I have had a few attempts at running a blog “for work” and each time I have hit a bit of a brick wall. There has been a lot written recently on blogging, what it is about, and whether it has an important role in a formal teaching-and-learning context. I have been stimulated to update this blog via a web-forum email asking about blogging at UniMelb …
My current thoughts re blogging as a genre of writing:
1. Blogging software provides an easy information architecture for “episodic writing” … especially of things that are loosely topic based, but become “topical” at a particular time for reasons that are not easily encapsulated, and are likely to be relevant again at a later date
2. Blogging tools are only useful for people who write prolifically, have regular access to the internet, do most of their writing at a computer rather than in a notebook and are comfortable with public scrutiny of their writing.
3. Blogging is essentially personal even when it’s work-related. I write to a blog as a convenient place to store ideas that are forming so that I can edit them from anywhere and I can refer to them easily if the ideas come up in conversation. I write to a publically-accessible blog to challenge myself to write more coherently than I would in a notebook – I operate from the premise that articulating an idea clearly is part of the process of thinking clearly, and that if I can’t express what I mean then I don’t actually know what I’m talking about yet. Feedback is always good when clarifying ideas.
4. Blogging has inherent dangers in the workplace – point 3 identifies that I am blogging ideas that are not necessarily fully formed. So a blog entry is a bit like a draft of an idea, or a “Dear Diary” type letter. There is a reason for drafting things and often it is because partially formed ideas that escape before their possible endpoints have been fully thought through can be dangerous. So I censor much of what I write to a blog. And because I do this, my blog ends up with very few entries and those that are written are not particularly interesting.

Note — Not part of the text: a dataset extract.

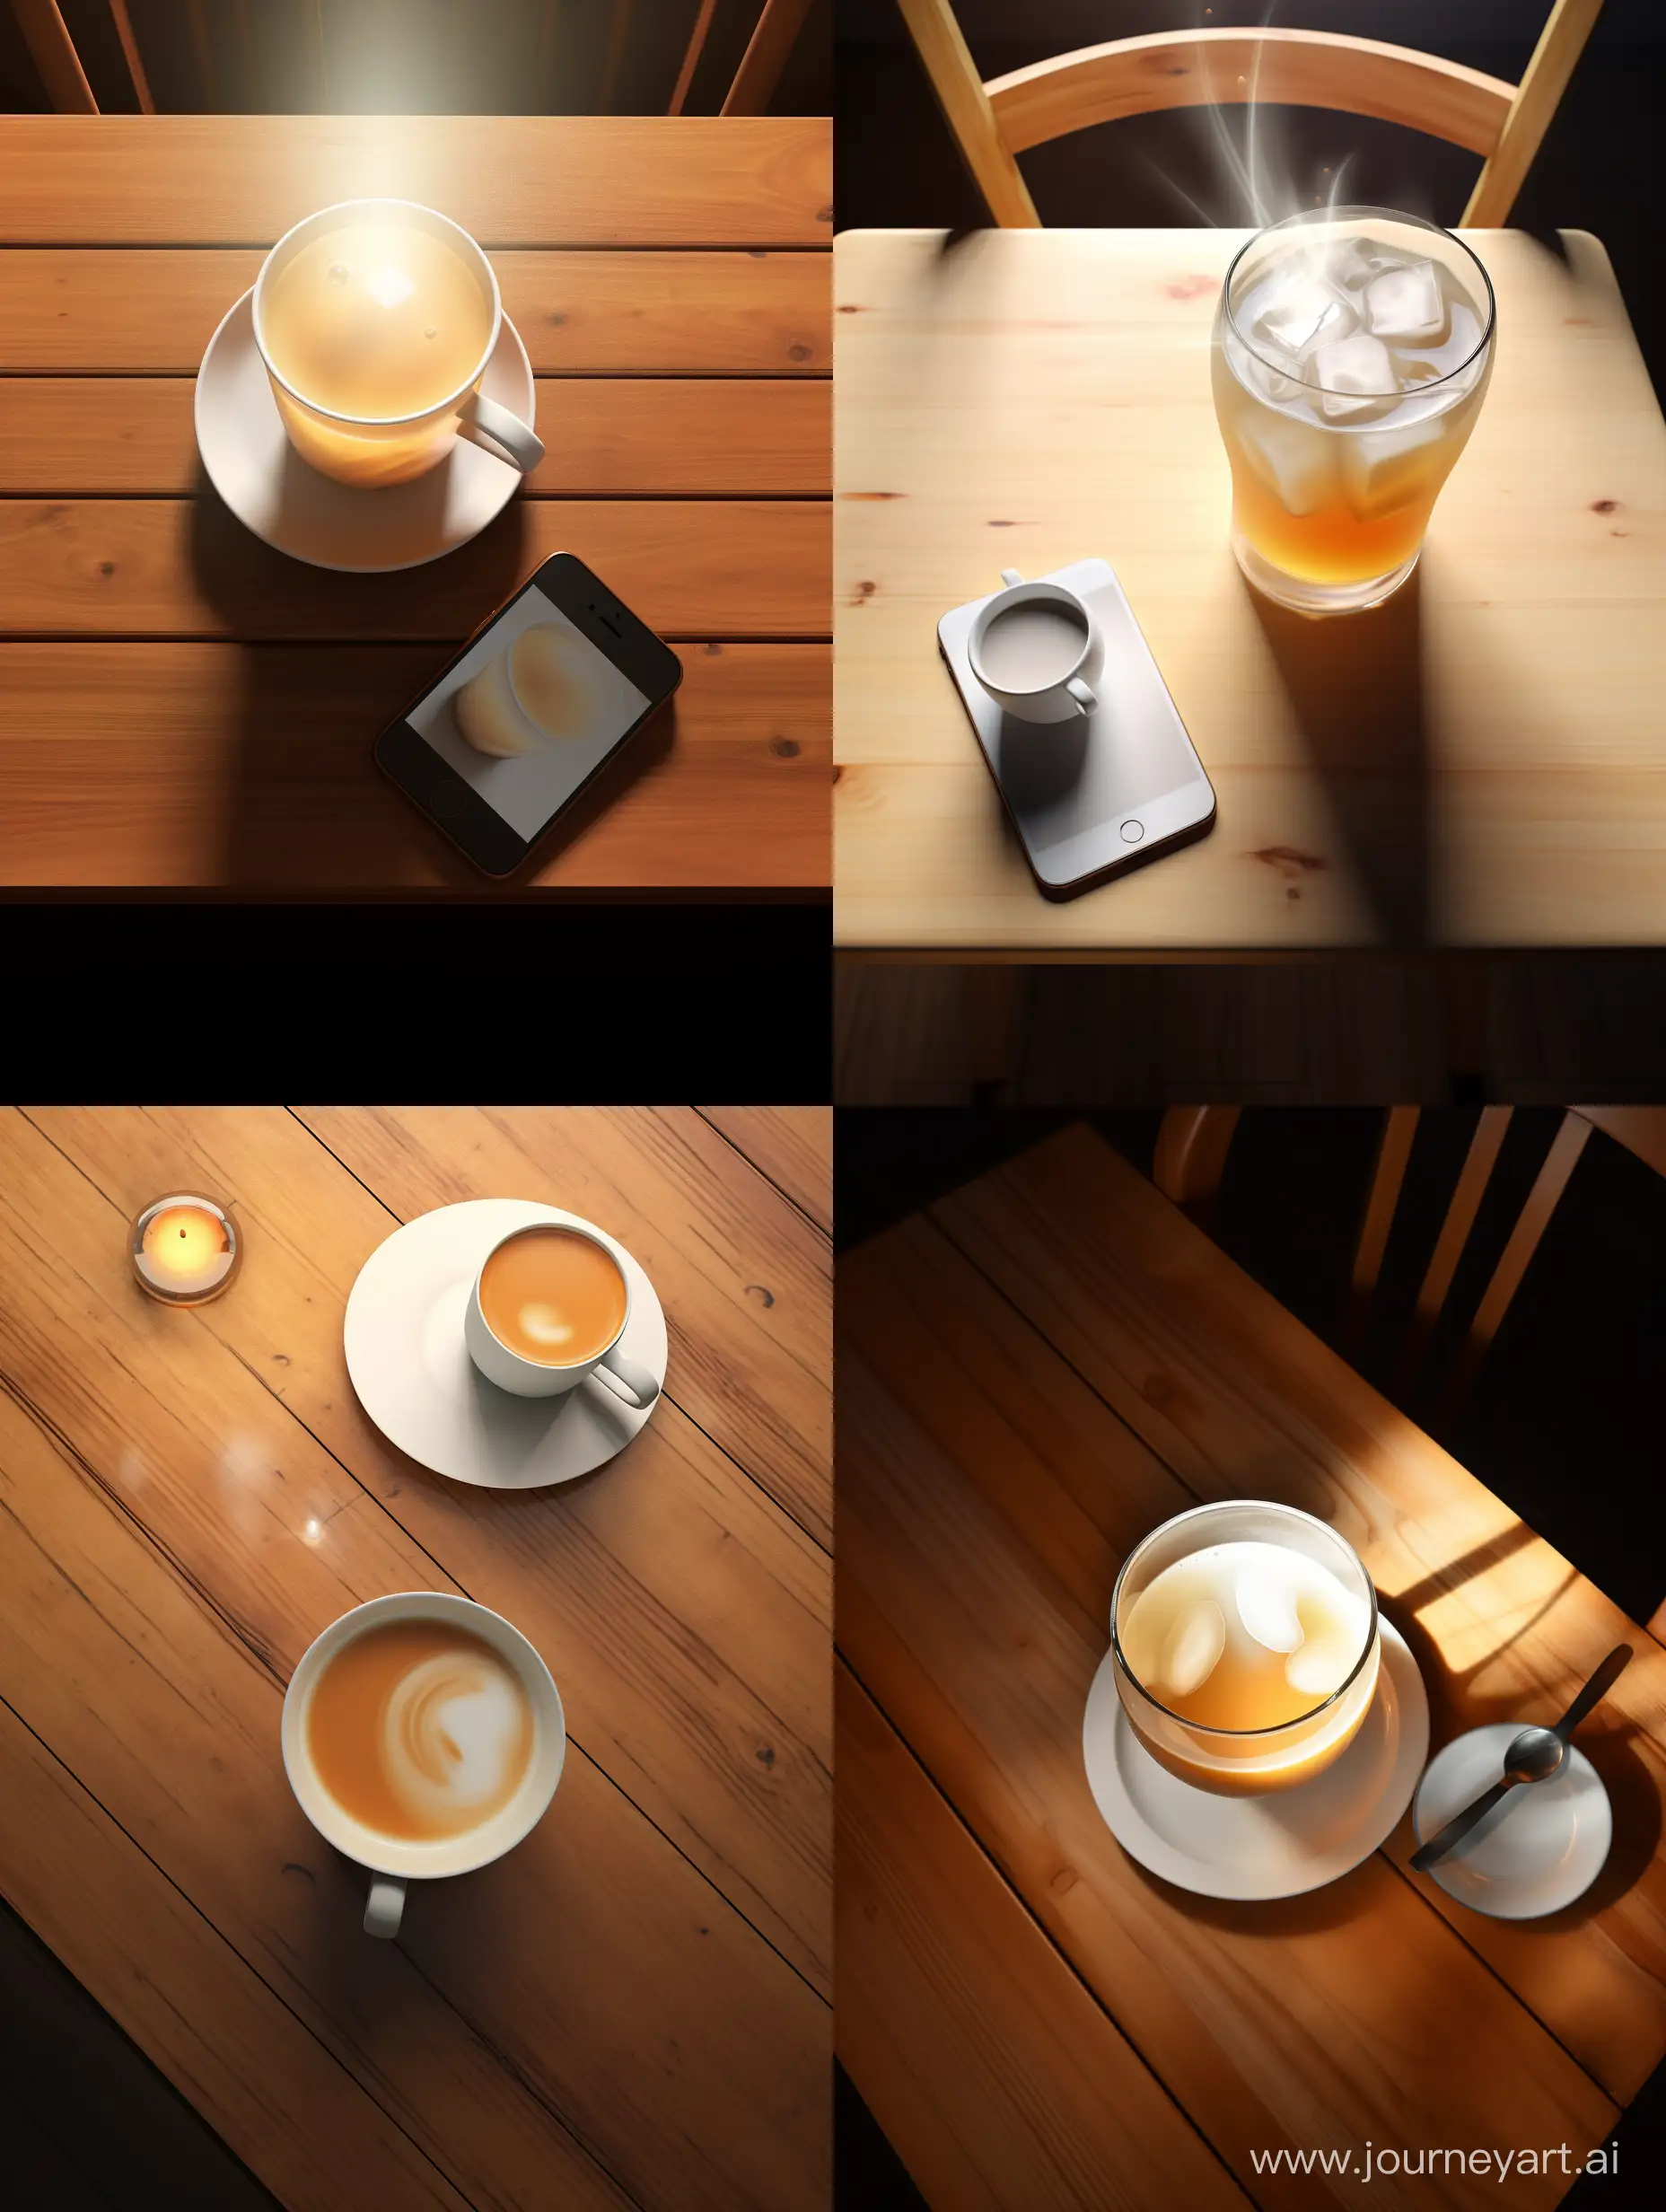 A phone photo of a cup of tea Made of glass and showing milk tea inside, above a wooden table and lighting falling on the cup and table, ultra-realistic. --s 0 --style raw

5. Blogging as a writing genre relies on students having a desire to write. Use of blogging software has some merit in a range of situations irrespective of whether the genre of writing is “true blogging ” (according to the blogging gurus in favour in any particular week …) My take on this is the most academics I have worked with are only just getting comfortable with discussion forums, and that blogging and RSS is beyond their comfort zone to use and support.
Re blogging software:
1. My first impediment to work-related blogging was lack of infrastructure and lack of server to install blogging software.
2. I tried using Bloki (http://www.bloki.com) for a while and it’s a pretty nice combination of blogs, forums and wiki-like website. I specifically used it to store information about web resources I happened to come across with annotations about what they were and why they looked interesting. My idea was that people with similar research interests would be able to follow what I was looking at on my blog, and might be inspired to make a similar resource available of their own reading so that we could share our research lives more effectively … I ended up becoming a bit wary about committing too much work-related stuff to a random server in a random location over which I have no control. I have to say, the site is still there 2 years later and there has been nothing but good service from the site.
3. I then installed MoveableType, PhpWiki and Moodle on my own personal website (http://wisebytes.net/research/blog/) to try them out and because it was the only place I had access to a shell account on a *nix server along with scritping and database services. I set up a research blog to take over from the Bloki site, but never managed to move my Bloki material to MoveableType. I used the PhpWiki quite a bit and liked it although I’ve never been game enough to leave it open to the world, and I never got around to publishing a read-only version of it either.
4. I finally got access to a server at UniMelb and installed blogging and wiki software. I used WordPress rather than MoveableType because it was just at the time where MoveableType introduced a licence fee which I didn’t want to pay. So I was again in a position of moving all my stuff from Bloki to MoveableType to WordPress. I also had great trouble with the authentication module in PhpWiki so that pages kept locking people out of editing them. I got Moodle working which good, and spent a bit of time playing with that too.
5. Having failed to inspire my academic colleagues to have any interest in starting a blog or using a wiki for drafting research papers or documentation and having spent a lot of time trying to get the infrastructure sorted to support wider spread usage of blogs, I actually ended up losing interest in writing blog content since most of it relates to a) things that none of my colleagues seem to find particularly interesting or b) things that are politically sensitive.
6. I have used BlogLines (http://www.bloglines.com/) as an RSS aggregator until I got swamped by the amount of stuff out in the world. I have ended up taking the lazy option of subscribing to Stephen Downes’ OnLineDaily newsletter as my primary source of keeping up with the world of edublogs. RSS has huge potential in teaching and learning but I’m waiting for other people to sort out the tools etc.
The biggest disincentive to maintaining a work-blog is a subtle shift in academic culture such that I am no longer confident that the university supports freedom of expression over corporate image, or substance over process, or content over style.
The biggest disincentive to supporting blogs in teaching and learning is an apparent lack of in-built passion for writing. Maybe moblogs or vlogs or Flickr will take off instead !!!